The shield case 300 is fabricated by press-molding a conductive
metal plate into a generally rectangular tube shape, as shown in
FIGS. 1A to 5. The shield case 300 has a bottom plate 310, a top
plate 320, a pair of side plates 330, and a pair of lock pieces
340. The bottom plate 310 is a generally rectangular plate opposed
to the top plate 320. The bottom plate 310 and the top plate 320
are coupled at their widthwise ends with the side plates 330. The
depth (i.e., length in the insertion direction D) of the bottom
plate 310 is shorter than each depth of the top plate 320 and the
side plates 330, as shown in FIGS. 3A to 3D. The bottom plate 310,
and a front portion of the top plate 320, and front portions of the
side plates 330 define an internal space of the shield case 300,
and rear portions of the top plate 320 and the side plates 330
define the accommodating space for accommodating the first and
second bodies 100a, 100b inserted from a rear side.

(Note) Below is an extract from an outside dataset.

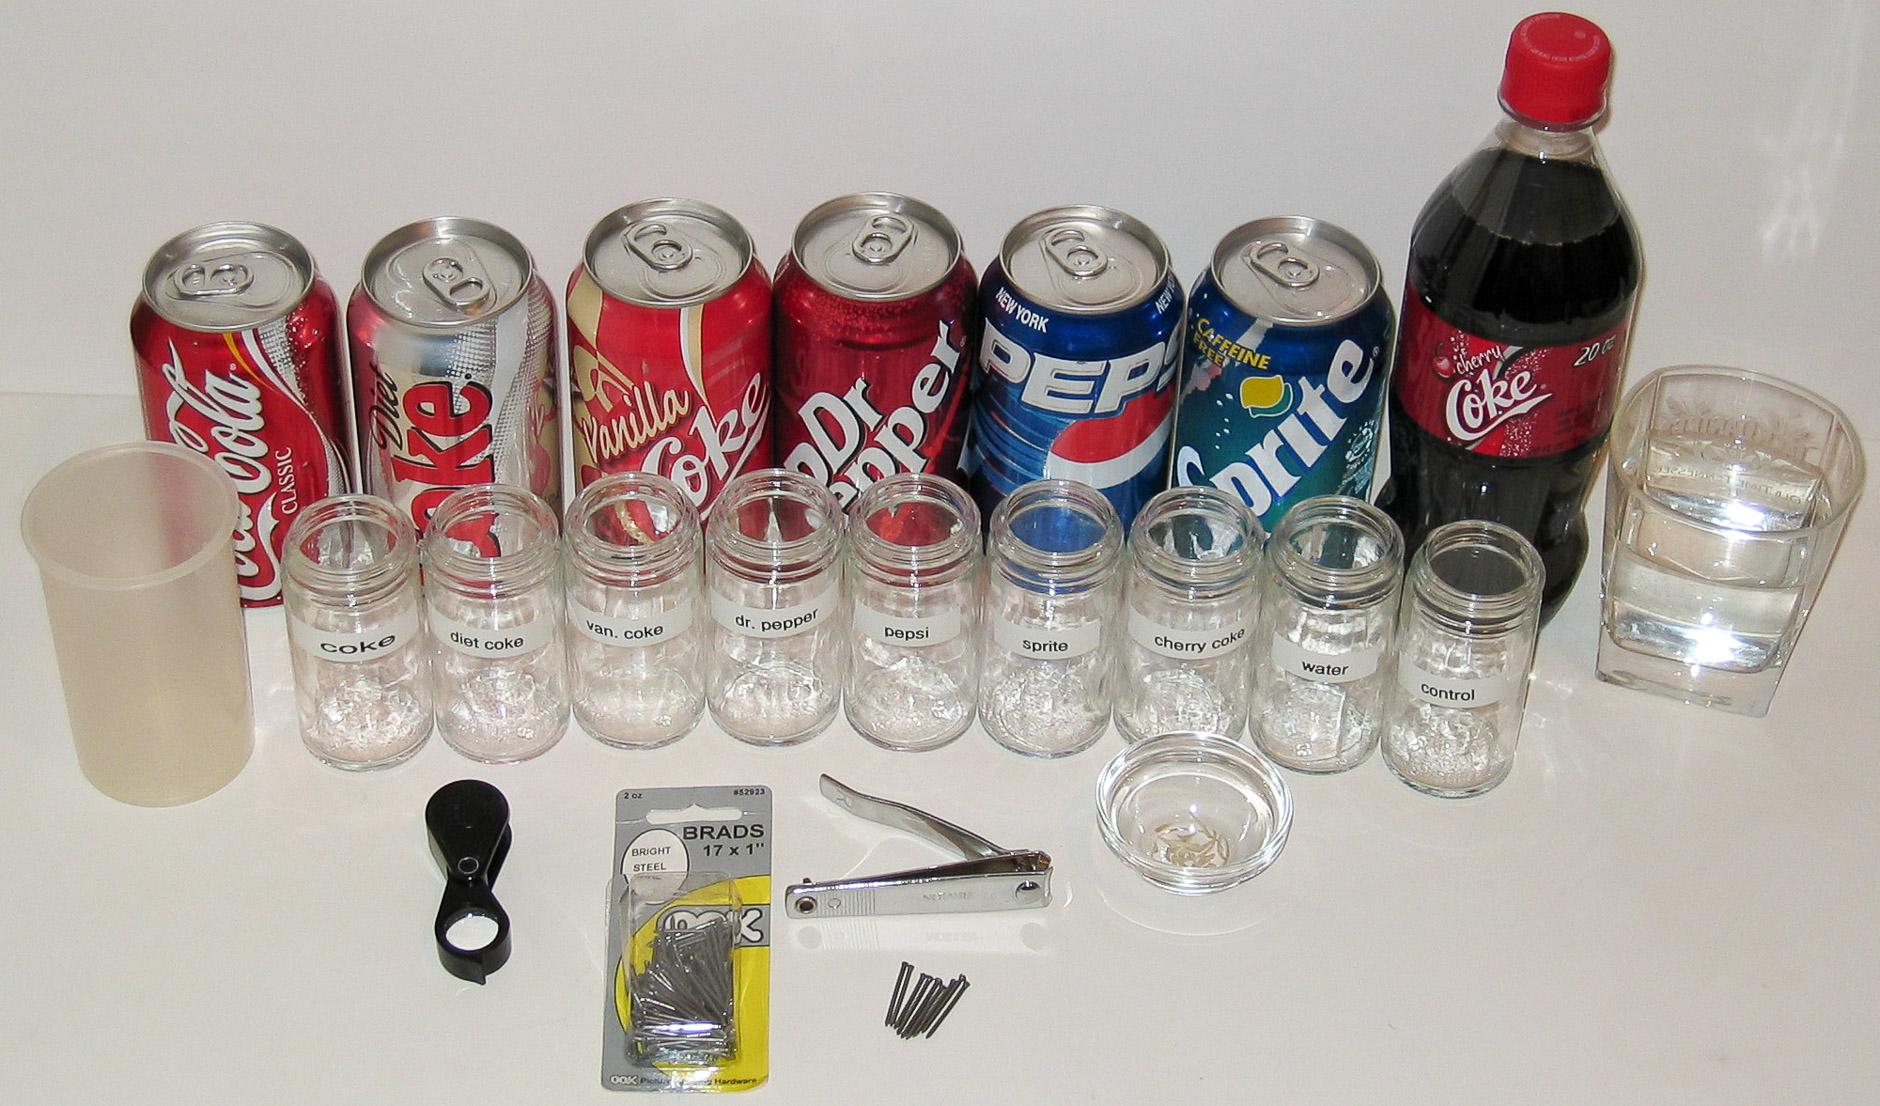 100 keys of coke

The bottom plate 310 is bent at a central portion into a generally
inverted U shape extending toward the top plate 320. The bent
central portion serves as a partition 311 having a generally
inverted U-shaped cross section, which partitions the internal
space into first and second slots .alpha., .beta., and the outer
surface of the central portion forms a positioning depression 312
having a generally inverted U-shaped cross section and extending in
the insertion direction D. The positioning depression 312 consists
of a rectangular upper depression 312a and a lower depression 312b.
The distance between the opposite walls of the lower depression
312b are gradually increased toward the lower end. The first slot
.alpha. has an inner shape conforming to an outer shape of a
connection part 21 for HDMI-mini of a plug connector 20 shown in
FIG. 6A or to a connection part 31 for HDMI-mini of a plug
connector 30 shown in FIG. 6B. The second slot .beta. has an inner
shape conforming to an outer shape of a connection part 22 for HDMI
of the plug connector 20 shown in FIG. 6A, or to a connection part
41 for HDMI of a plug connector 40 shown in FIG. 6C. That is, the
first slot .alpha. is adapted to receive the connection part 21 or
the connection part 31, and the second slot .beta. is adapted to
receive the connection part 22 or the connection part 41. Moreover,
rear surfaces of the bottom plate 310, corresponding to first and
second slot .alpha. and .beta., serve as abutting-stop surfaces
313, 314 to abut front surfaces of a pair of elongated protrusions
150a (to be described) of the first body 100a (see FIGS. 3B to 3D).
It is appreciated that strength of the first and second slot
.alpha., .beta. portions of the shield case 300 is ensured by
providing a joint of the shield case 300 in the second slot .beta.
portion of the bottom plate 310 (see FIG. 2D).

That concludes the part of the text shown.